I have to laugh. “We are all the same size, don’t you know? Just some of us stretch ourselves a little more.”
My niece squeezes my hand. I am reminded suddenly of Domingo, how he always had to be in physical touch when he spoke to me. I feel again that old regret at how I might have misled him. But then, I misled myself, thinking I had fallen in love with the man, when in fact, I had fallen in love with the artist, his intensity, Africa in his skin—the things that connected me to my mother, not to him.
“It was time to come home,” I tell my sweet Elsa. “Or as close as I could get to home. I wanted that more than anything.” Who can explain it? That dark love and shame that binds us to the arbitrary place where we happened to be born.
We listen to the drops beating down from the galería roof to the hedge below. The scent of ginger is very strong.
“I miss Cuba,” Elsa confesses at last. She was older than her sisters when they left, and so she feels a greater pull back. “But I don’t think Castro is the answer.”
“It was wrong to think that there was an answer in the first place, dear. There are no answers.” I hesitate. I don’t even know how to explain this to her. If I could see her face clearly, perhaps the words would rise up from the mute knowing of my heart. “It’s continuing to struggle to create the country we dream of that makes a patria out of the land under our feet. That much I learned from my mother.”

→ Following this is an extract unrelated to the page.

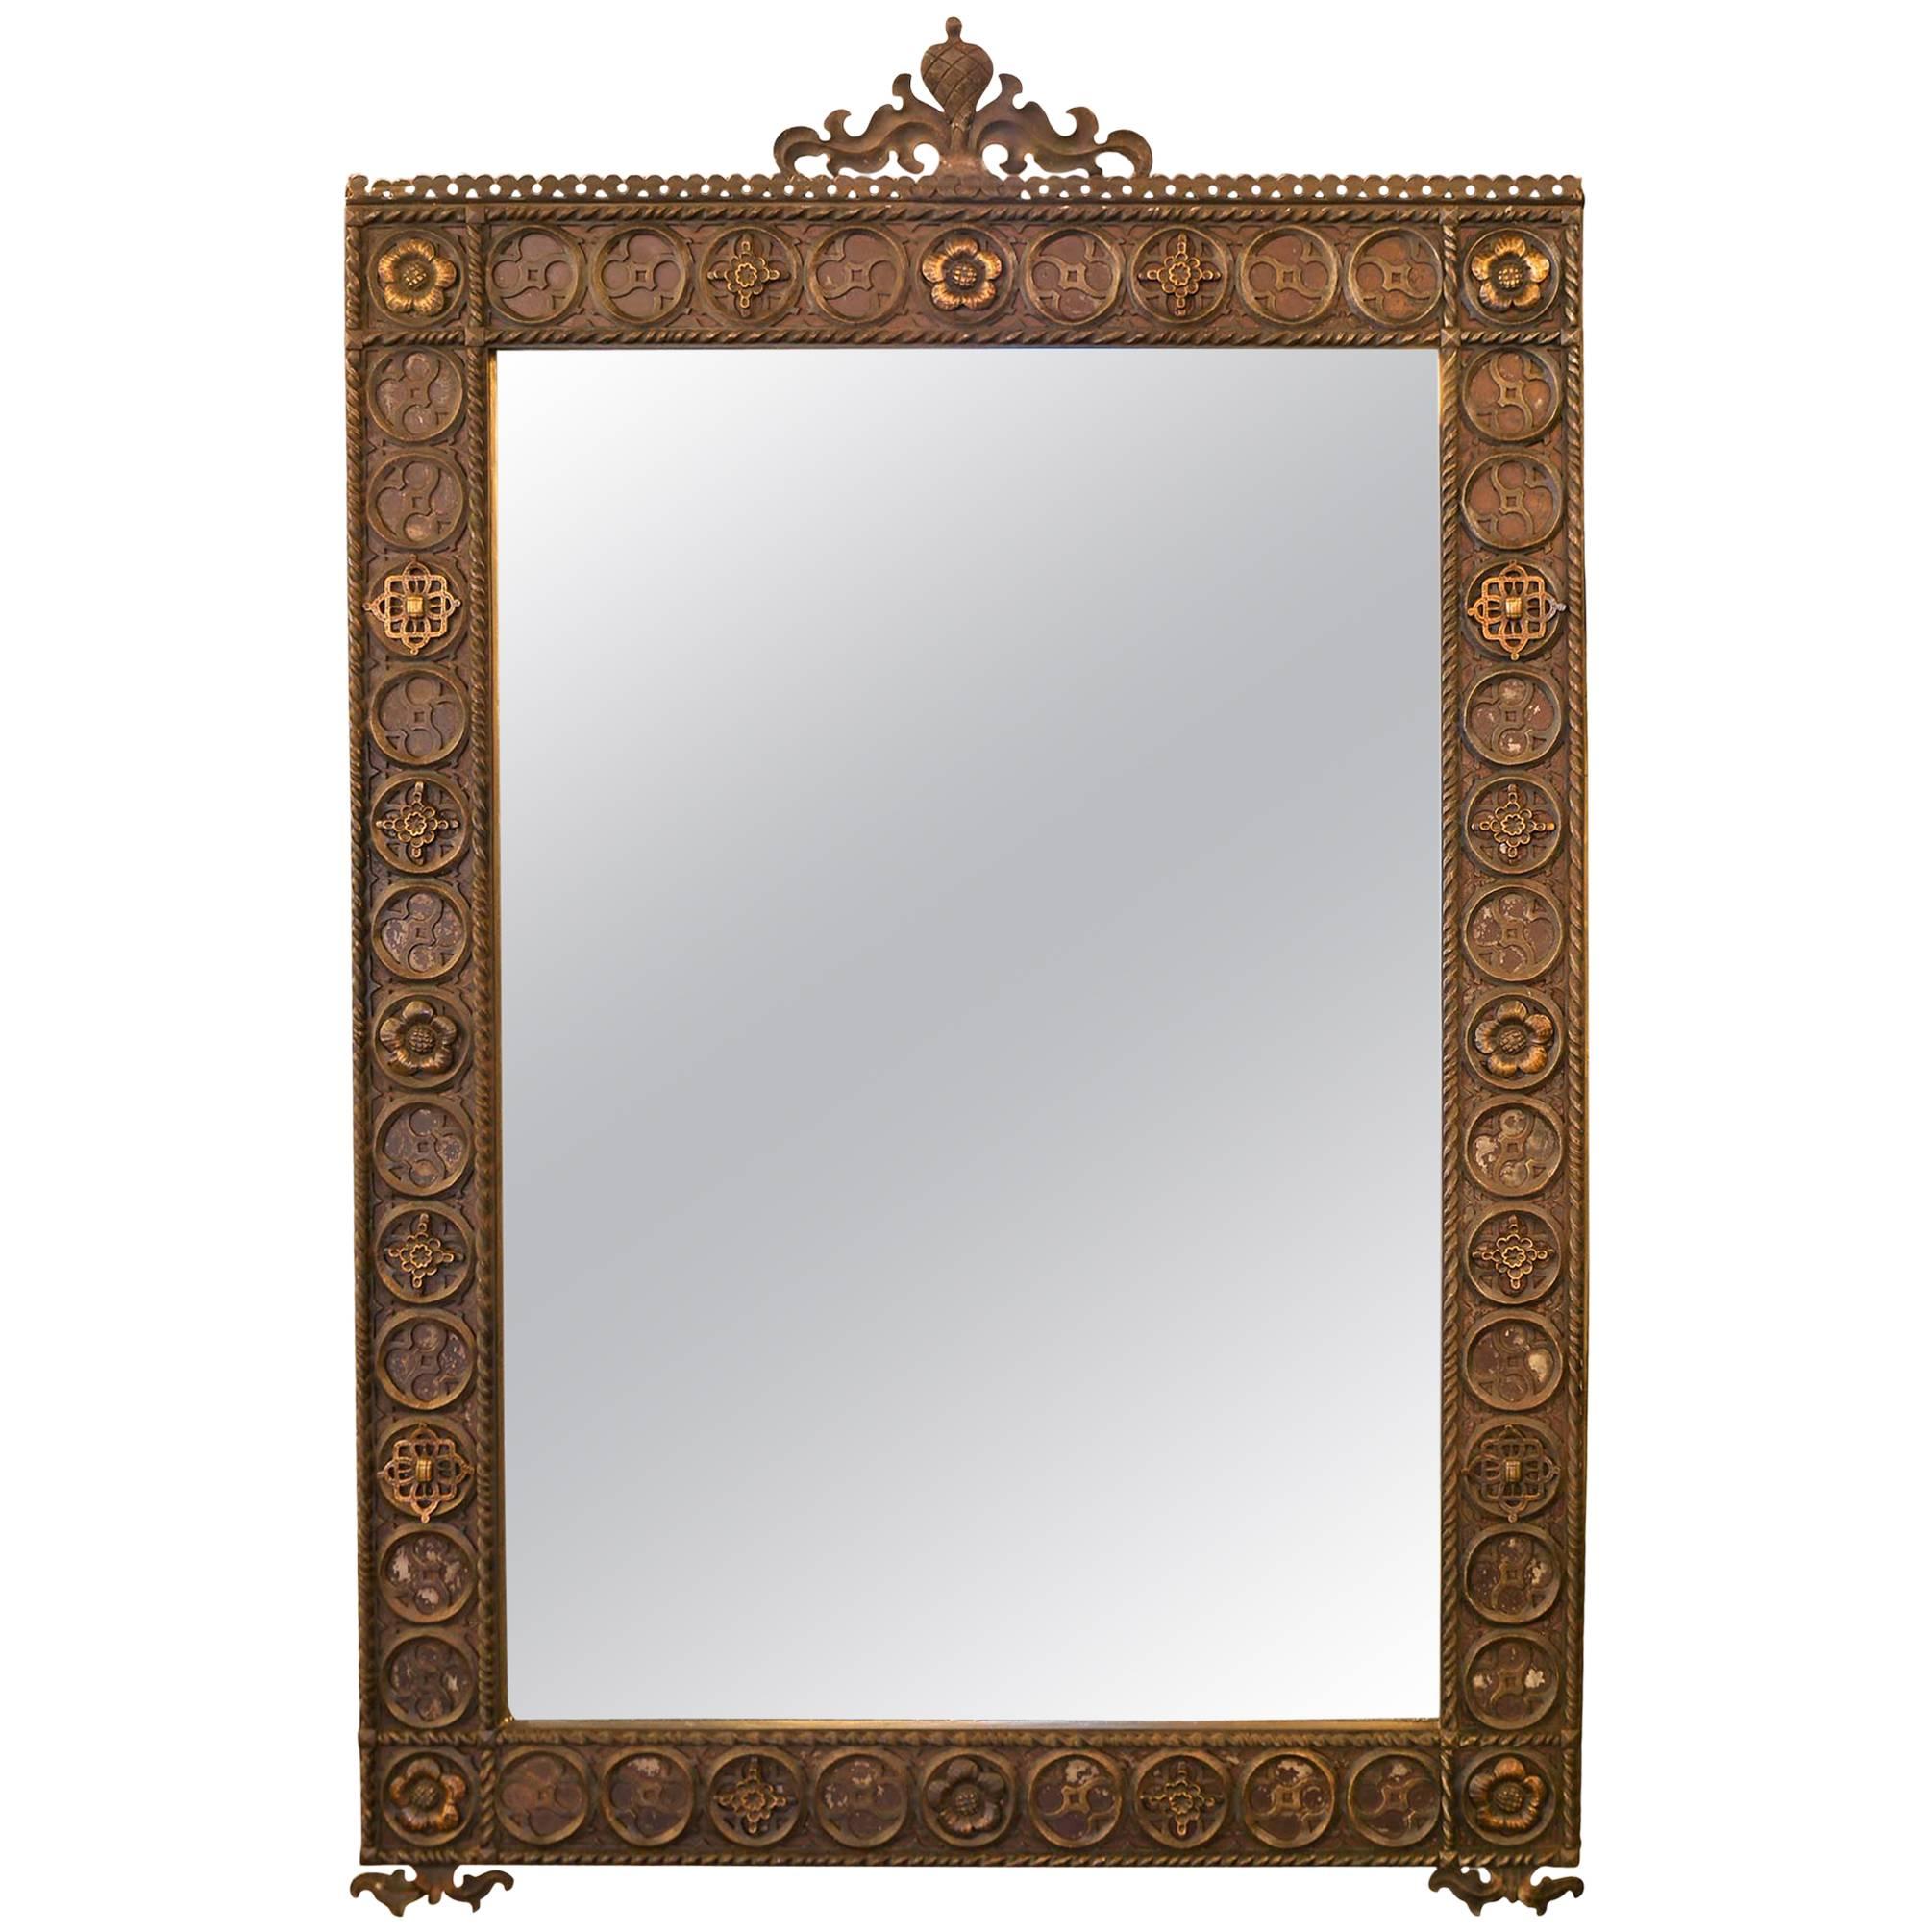 I. P. Frink Large Ornate Illuminated Mirror

“So you think I should go back?” Elsa is a dentist, she has studied long and hard to set up her little practice in the front rooms of her father’s house.
Such a mistake to want clarity above all else! I feel like telling her. A mistake I myself made over and over all my life.

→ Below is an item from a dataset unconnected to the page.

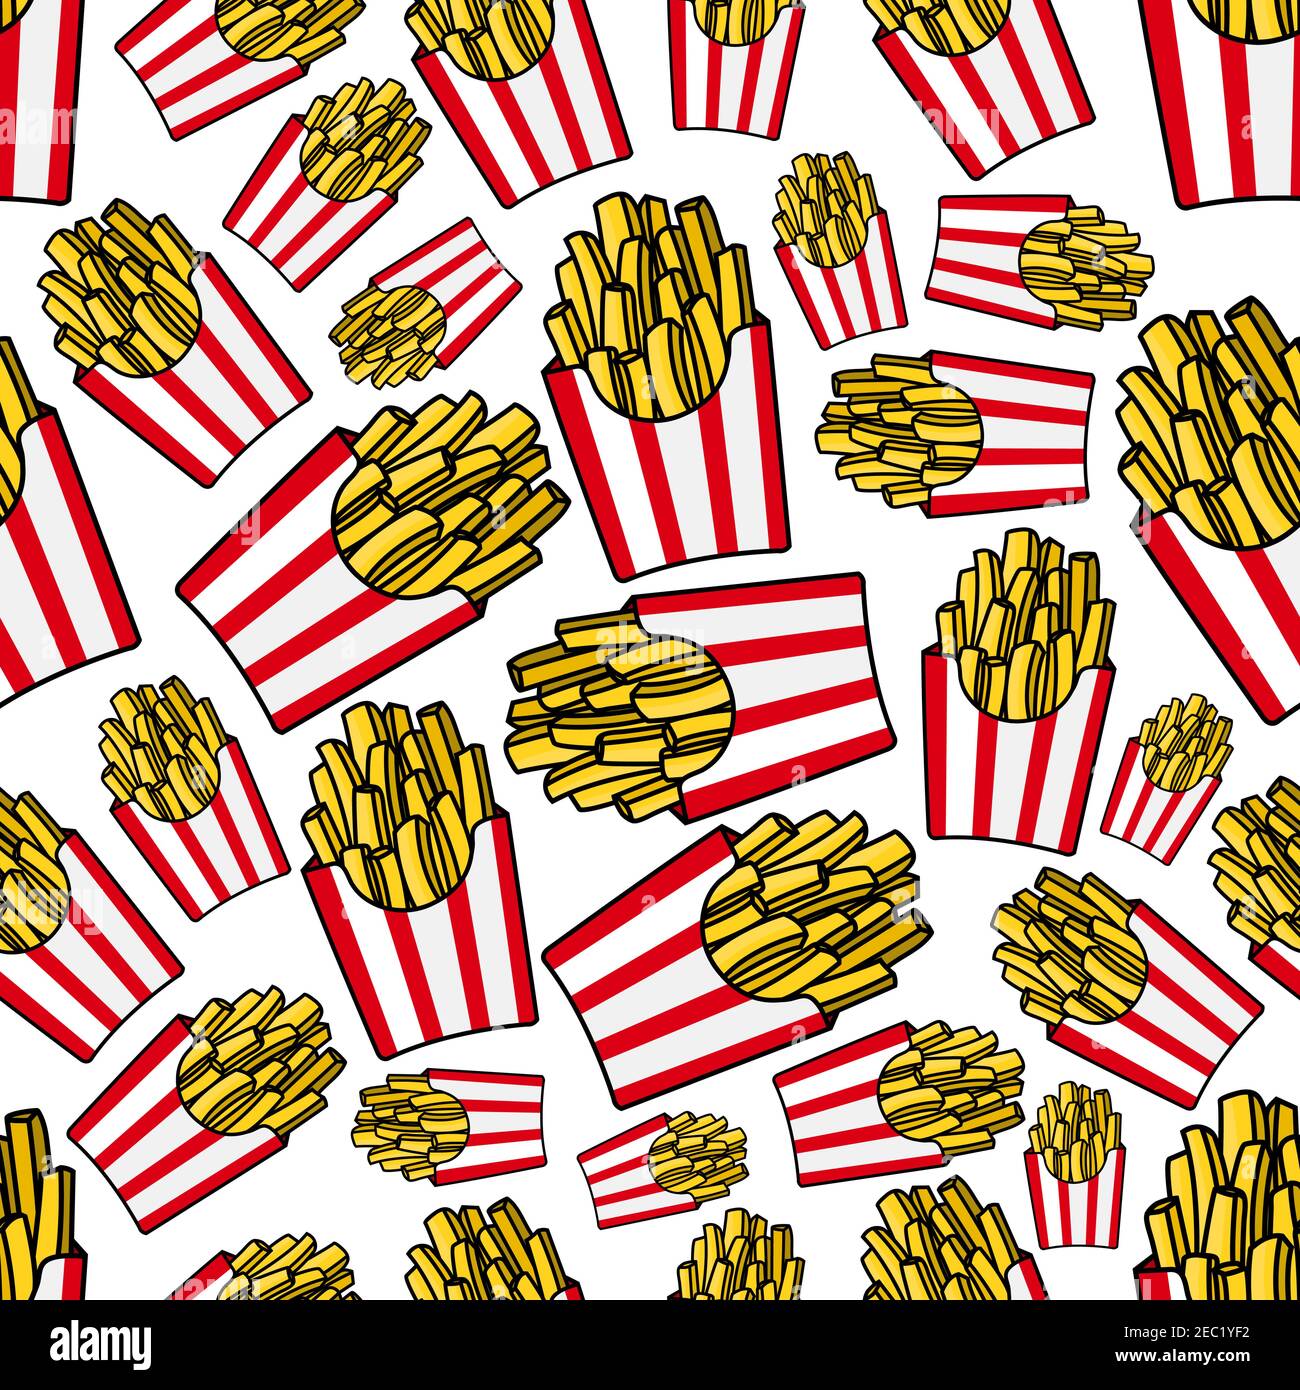 Takeaway französisch Pommes Cartoon Hintergrund mit nahtlosen Muster aus weiß und rot gestreiften Papierschachteln mit gebratenen Kartoffeln. Fastfood Café, Textildruck o Stock Vektor

“Again you want an answer, my dear.” I smile because I understand just how she feels.
EARLY IN THE MORNING, I dress quietly and make my way to the front of the house. Usually my roamings take place in the middle of the night, in and out of rooms, as if I had lost something during the day which I need to recover after dark.
“Ignacio,” I call out when I get to the front gate.

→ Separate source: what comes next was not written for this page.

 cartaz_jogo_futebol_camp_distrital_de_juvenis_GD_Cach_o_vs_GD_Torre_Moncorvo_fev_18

I had caught the young driver by the front steps the day before and arranged for this drive to the cemetery. I offered him my change purse of pesos, but he refused. “I
t would be an honor,” he insisted.
An honor! A young man working for honor! I was impressed. In spite of our disappointing history, my people keep surprising me with their generosity of spirit. What is it that Martí used to say, Every time has its own evil but a human being can always be good? Or was it Hostos who said that, or was it Mamá, after all? The beautiful, the brave, the good—they are all running together in my head, into that great river of time that is now hurrying me along.
The morning is cool, rain on the trade winds coming off the sea. Soon we will edge toward our tropic winter, the waves going wild, the dark closing in earlier each day. I shiver thinking of those long, cold winters in Poughkeepsie and Minnesota and of the long eternity ahead of me. So much left to be done! And no children of my own to send into the future to do it.
Not true! My Nancy in Poughkeepsie, my coffee sorters in Sierra Maestra, my Belkys, my Lupe, my Elsa in Santo Domingo—my own and not my own—the way it is for all us childless mothers who help raise the young.
The gates are already open by the time we arrive. I can smell the carnations, brought from the outskirts, being put out in their cans, a welcome scent after the stench of uncollected garbage on the city streets.
“Would the señora like some flowers,” a marchanta calls out after us, without much enthusiasm in her voice—a tic of selling, to offer wares to anyone passing by. The real buyers come later in their black Mercedes with shaded windows that do not expose their privileged grief to the curious passerby.
Ignacio knows the way, as he brings Don Rodolfo here often to visit Don Max and Doña Guarina. “I have to go take care of the car,” he reminds me after he has settled me on the stone bench that faces the family plot. We left the car by the entry turnabout—the sereno let us—so that Ignacio could help the old woman find her dead people before coming back to park it.